* **TASK INSTRUCTIONS**: Would you print the data below exactly, leaving out every picture?

* **SOURCE DATA**:
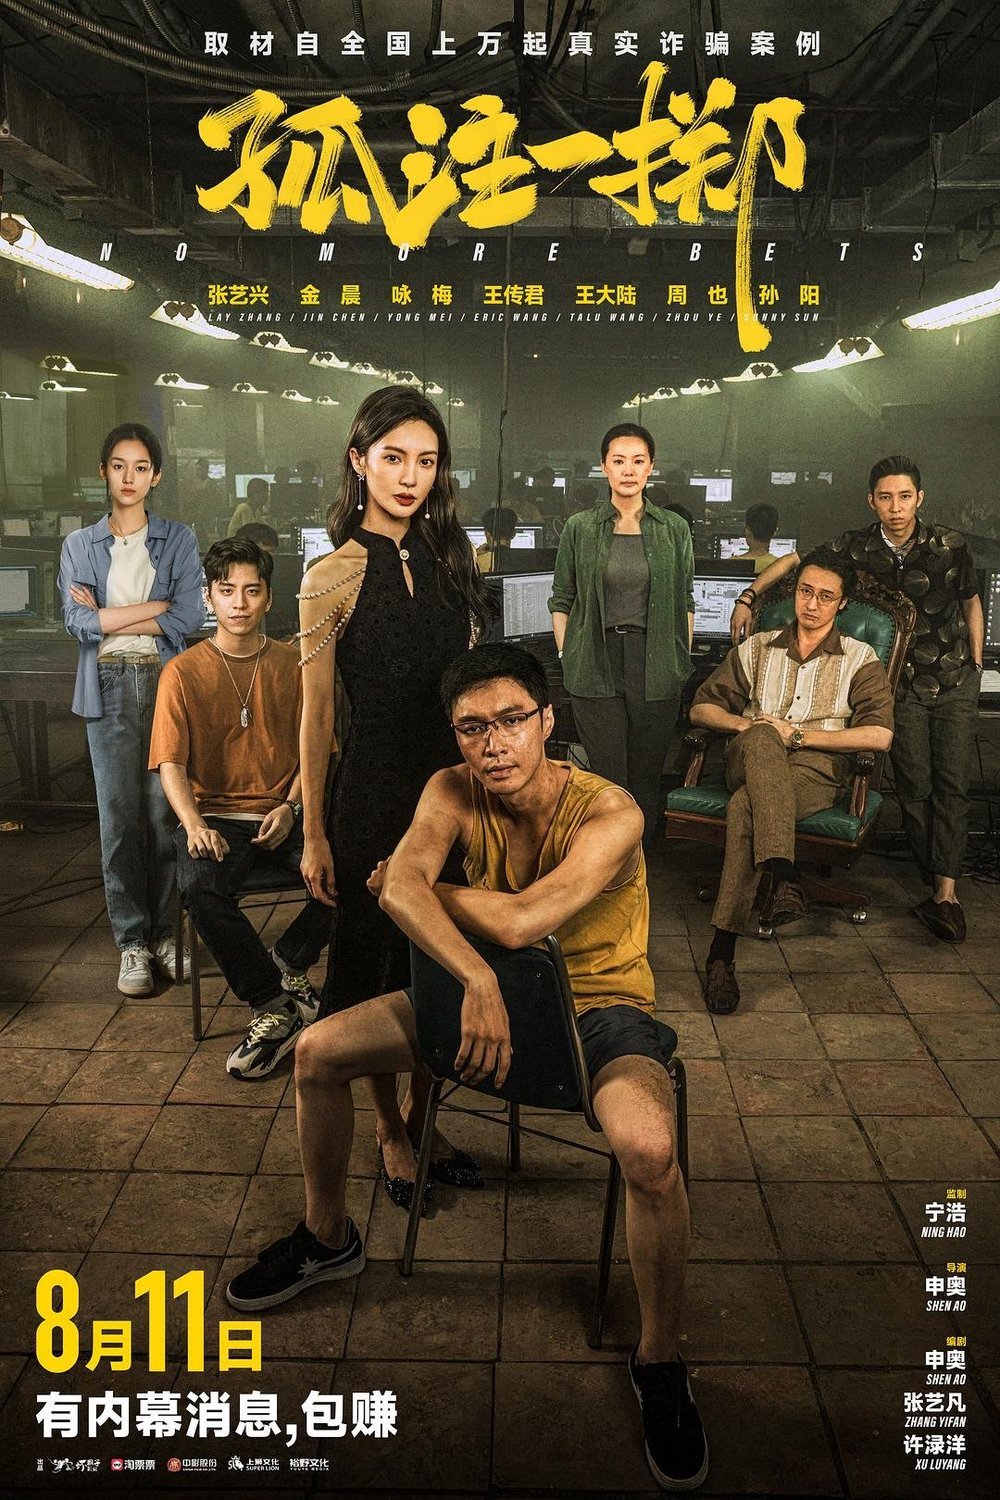 Mandarin poster of the movie Gu zhu yi zhi
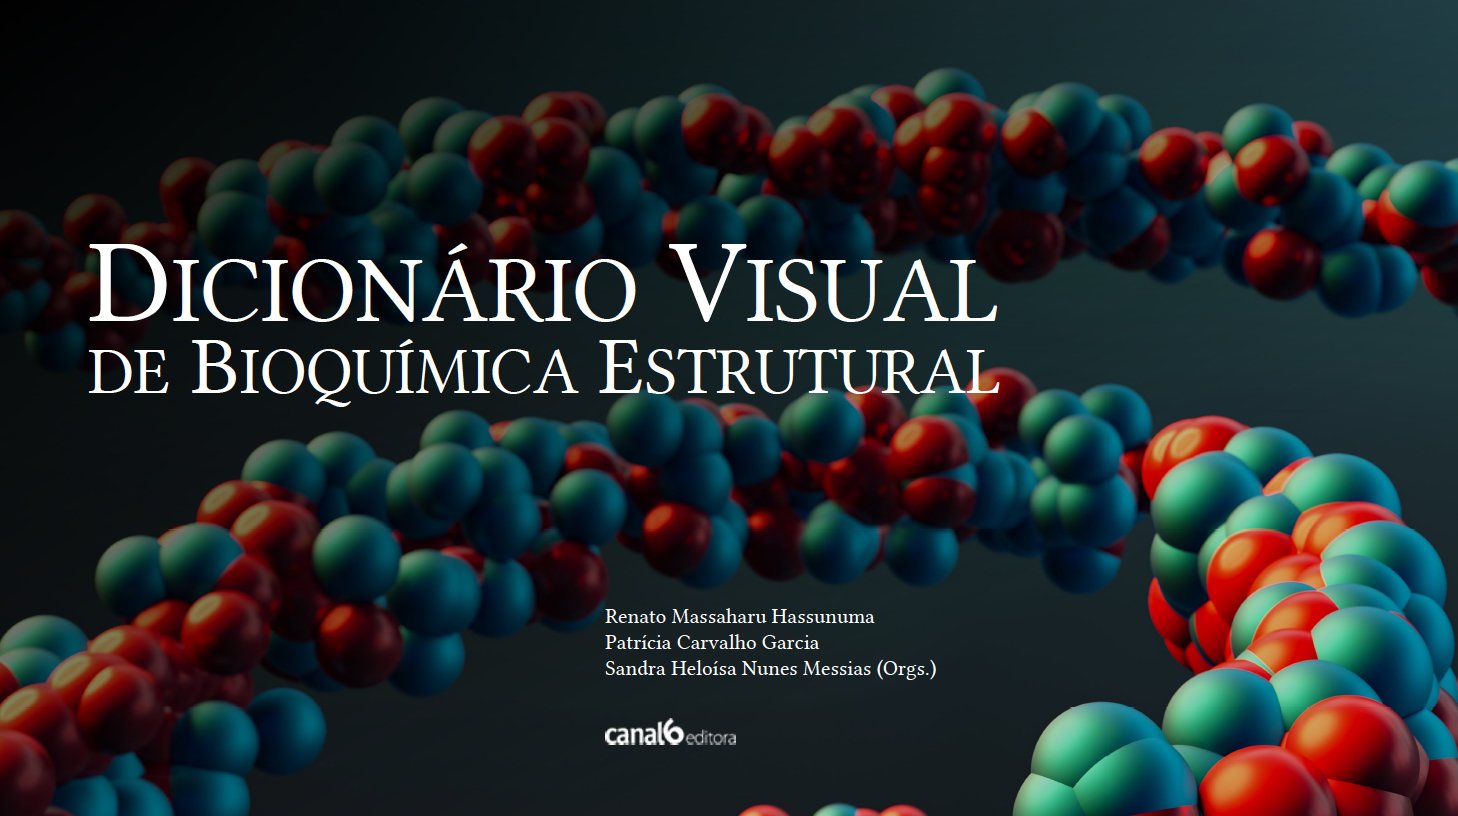 Dicionário visual de Bioquímica Estrutural
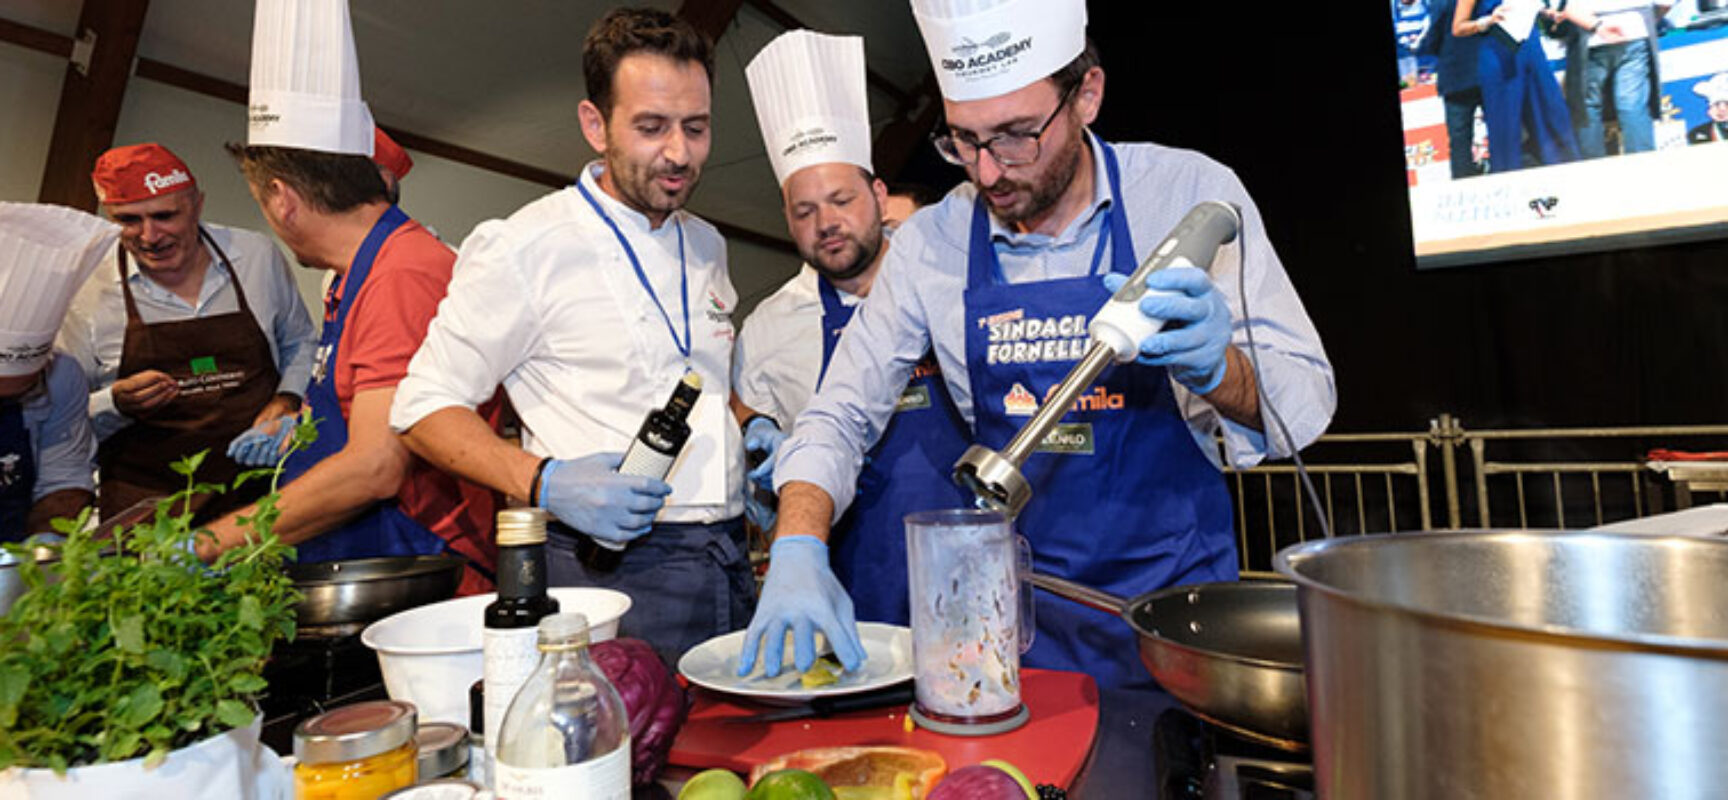 Torna “Sindaci ai fornelli!”, a Bisceglie l’evento con la sfida in cucina più originale d’Italia

* **ANSWER BELOW**:
 Mandarin poster of the movie Gu zhu yi zhi
 Dicionário visual de Bioquímica Estrutural
 Torna “Sindaci ai fornelli!”, a Bisceglie l’evento con la sfida in cucina più originale d’Italia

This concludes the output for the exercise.